Football games: crowds chanting, spit flying, ears combusting. Half-eaten pies congealing on concrete. A throbbing, pulsating swell of testosterone. Pints. Grown men weeping like little kids, little kids cussing like grown men.
Also: women. Yes, really. Women actually like and attend sport. Women can actually discuss the merits of Kyle Walker’s summer signing to Manchester City and if it is really truly worth the outlandish expense (it is). Sure, not all women (see also: not all men), but a decent enough percentage for The Lads™ to actually acknowledge our presence during Friday night’s after work pub projections.
Enter Jacqui McAssey, a lecturer in fashion communication at Liverpool John Moores University. In 2013, she flocked to Anfield along with another 50,000 disciples of the beautiful game, and “realised that there were so many women and girls around me, but they were so underrepresented [in relevant media]”. So she created Girlfans, a zine documenting football’s most fervent female followers. Her aim? “To give female fans recognition and visibility, and to establish their rightful place in football culture.”

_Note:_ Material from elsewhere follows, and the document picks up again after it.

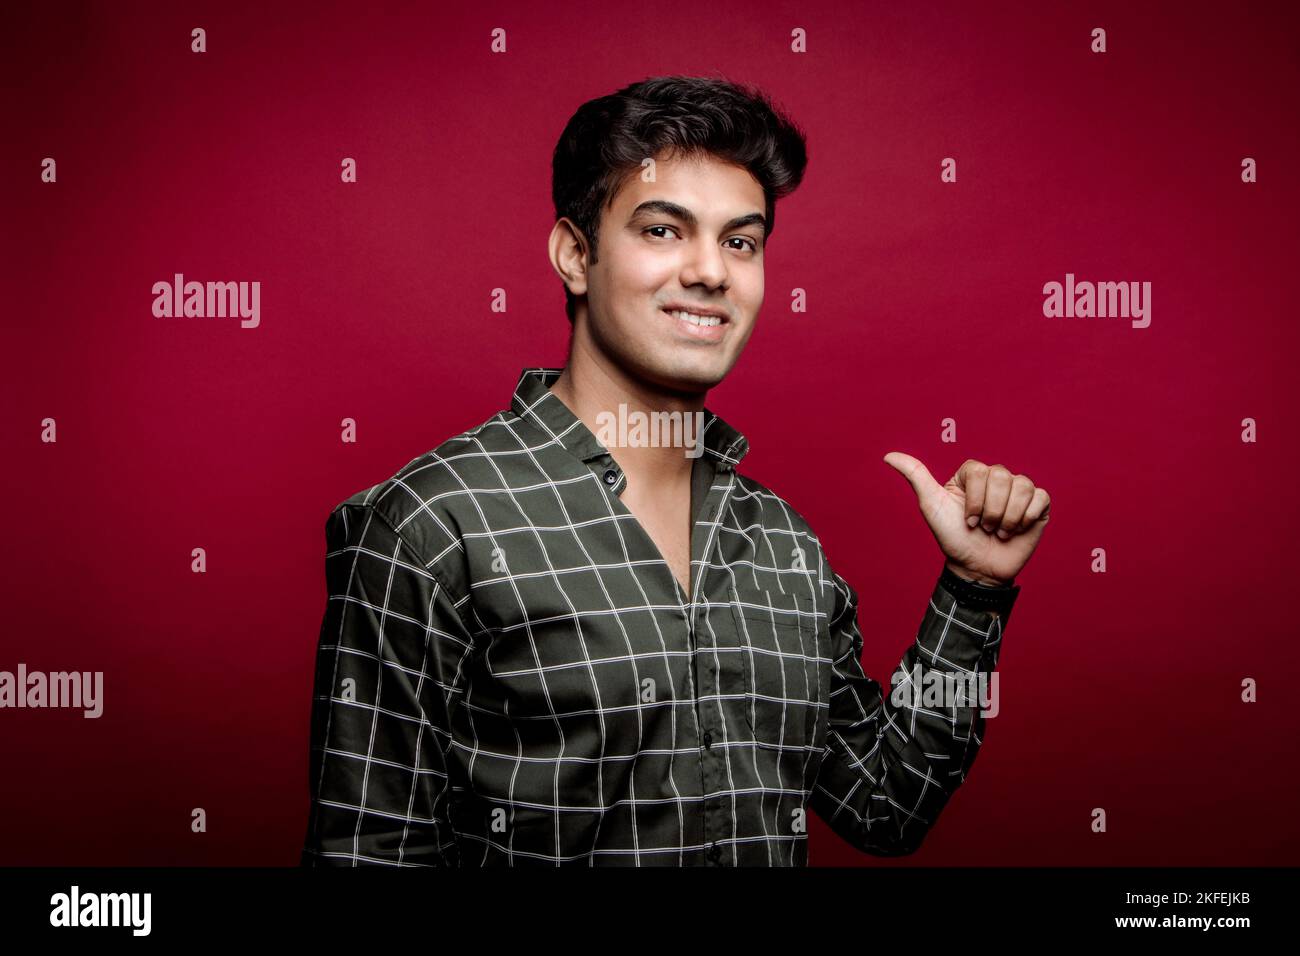 Portrait of smiling young Indian man wearing checkered shirt pointing thumb on himself looking at camera against red background Stock Photo

“Of course sexism still exists at football matches,” Jacqui continues, “but we’re moving in a positive direction. There has never been a better time to be a female football supporter, or a female football player.” She points to Women at the Game, an initiative aiming to encourage female footie fans to get among the sweat-smothered action in an inclusive, supportive environment.
There’s also the issue of merch. After trawling through football paraphernalia that was “gender-specific and patronising”, Jacqui was compelled to document how women actually dress up (or not) for the match, which generally doesn’t involve the too-tight-scoop-neck-hug-all-the-wrong-bits ‘female’ shirt iterations on offer. “There is a desire among many fans to want the same shirt the players wear, not a feminine version of the shirt,” she elaborates. “Many young women wear boys’ shirts, because they prefer a normal neckline but want a tighter fit. Some women wear their colours head-to-toe, or none at all — just as men do.”
That’s it, really. From football to tiddlywinks, sport is massively male skewed, whether it’s unequal pay, media representation, or the sudden fervid fascination with a miscellaneous object just past your right shoulder that a guy typically gets when you ask who they support. Honestly, fuck that. At the end of the day, women just want to wear and wang on about whatever we want to, without any patronising presumptions. We just want to go to any damned game we desire, “safe” Jacqui concludes, “in the knowledge that nobody will urinate on our Balenciaga trainers”.